**Items listed in a dataset:**

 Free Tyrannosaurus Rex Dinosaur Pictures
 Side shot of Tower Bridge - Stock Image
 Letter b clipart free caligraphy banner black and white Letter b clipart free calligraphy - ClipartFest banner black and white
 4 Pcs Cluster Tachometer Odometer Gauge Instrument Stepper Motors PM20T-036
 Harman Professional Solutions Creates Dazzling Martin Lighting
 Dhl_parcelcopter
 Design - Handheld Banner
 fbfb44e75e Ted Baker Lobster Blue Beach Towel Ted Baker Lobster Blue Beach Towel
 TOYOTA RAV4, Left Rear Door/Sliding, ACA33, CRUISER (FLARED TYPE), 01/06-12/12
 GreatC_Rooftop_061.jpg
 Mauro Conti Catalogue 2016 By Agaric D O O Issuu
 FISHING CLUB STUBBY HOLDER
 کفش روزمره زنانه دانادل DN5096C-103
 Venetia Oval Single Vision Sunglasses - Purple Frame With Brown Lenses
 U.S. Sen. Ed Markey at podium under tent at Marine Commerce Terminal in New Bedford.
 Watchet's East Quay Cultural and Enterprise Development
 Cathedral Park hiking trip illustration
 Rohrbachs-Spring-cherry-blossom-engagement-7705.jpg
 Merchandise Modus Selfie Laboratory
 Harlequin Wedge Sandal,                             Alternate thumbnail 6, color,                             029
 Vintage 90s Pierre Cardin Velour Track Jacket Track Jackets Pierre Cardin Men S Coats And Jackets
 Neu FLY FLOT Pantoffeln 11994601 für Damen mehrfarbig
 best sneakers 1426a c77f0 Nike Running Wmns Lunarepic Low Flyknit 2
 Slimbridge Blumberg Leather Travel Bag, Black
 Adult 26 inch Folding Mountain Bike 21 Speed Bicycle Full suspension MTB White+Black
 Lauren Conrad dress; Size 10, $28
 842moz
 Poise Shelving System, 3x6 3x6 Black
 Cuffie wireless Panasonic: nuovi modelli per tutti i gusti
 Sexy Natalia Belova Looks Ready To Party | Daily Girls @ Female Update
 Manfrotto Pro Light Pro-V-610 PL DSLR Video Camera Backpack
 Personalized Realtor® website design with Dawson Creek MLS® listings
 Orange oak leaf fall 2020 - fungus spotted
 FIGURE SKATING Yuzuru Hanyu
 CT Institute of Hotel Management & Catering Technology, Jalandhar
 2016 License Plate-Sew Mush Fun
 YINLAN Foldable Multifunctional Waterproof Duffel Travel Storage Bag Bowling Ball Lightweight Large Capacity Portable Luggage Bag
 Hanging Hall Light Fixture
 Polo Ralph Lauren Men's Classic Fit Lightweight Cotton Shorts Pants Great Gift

**TASK STATEMENT:** Every entry should be output again exactly as written.

**WRITTEN RESPONSE:**
 Free Tyrannosaurus Rex Dinosaur Pictures
 Side shot of Tower Bridge - Stock Image
 Letter b clipart free caligraphy banner black and white Letter b clipart free calligraphy - ClipartFest banner black and white
 4 Pcs Cluster Tachometer Odometer Gauge Instrument Stepper Motors PM20T-036
 Harman Professional Solutions Creates Dazzling Martin Lighting
 Dhl_parcelcopter
 Design - Handheld Banner
 fbfb44e75e Ted Baker Lobster Blue Beach Towel Ted Baker Lobster Blue Beach Towel
 TOYOTA RAV4, Left Rear Door/Sliding, ACA33, CRUISER (FLARED TYPE), 01/06-12/12
 GreatC_Rooftop_061.jpg
 Mauro Conti Catalogue 2016 By Agaric D O O Issuu
 FISHING CLUB STUBBY HOLDER
 کفش روزمره زنانه دانادل DN5096C-103
 Venetia Oval Single Vision Sunglasses - Purple Frame With Brown Lenses
 U.S. Sen. Ed Markey at podium under tent at Marine Commerce Terminal in New Bedford.
 Watchet's East Quay Cultural and Enterprise Development
 Cathedral Park hiking trip illustration
 Rohrbachs-Spring-cherry-blossom-engagement-7705.jpg
 Merchandise Modus Selfie Laboratory
 Harlequin Wedge Sandal,                             Alternate thumbnail 6, color,                             029
 Vintage 90s Pierre Cardin Velour Track Jacket Track Jackets Pierre Cardin Men S Coats And Jackets
 Neu FLY FLOT Pantoffeln 11994601 für Damen mehrfarbig
 best sneakers 1426a c77f0 Nike Running Wmns Lunarepic Low Flyknit 2
 Slimbridge Blumberg Leather Travel Bag, Black
 Adult 26 inch Folding Mountain Bike 21 Speed Bicycle Full suspension MTB White+Black
 Lauren Conrad dress; Size 10, $28
 842moz
 Poise Shelving System, 3x6 3x6 Black
 Cuffie wireless Panasonic: nuovi modelli per tutti i gusti
 Sexy Natalia Belova Looks Ready To Party | Daily Girls @ Female Update
 Manfrotto Pro Light Pro-V-610 PL DSLR Video Camera Backpack
 Personalized Realtor® website design with Dawson Creek MLS® listings
 Orange oak leaf fall 2020 - fungus spotted
 FIGURE SKATING Yuzuru Hanyu
 CT Institute of Hotel Management & Catering Technology, Jalandhar
 2016 License Plate-Sew Mush Fun
 YINLAN Foldable Multifunctional Waterproof Duffel Travel Storage Bag Bowling Ball Lightweight Large Capacity Portable Luggage Bag
 Hanging Hall Light Fixture
 Polo Ralph Lauren Men's Classic Fit Lightweight Cotton Shorts Pants Great Gift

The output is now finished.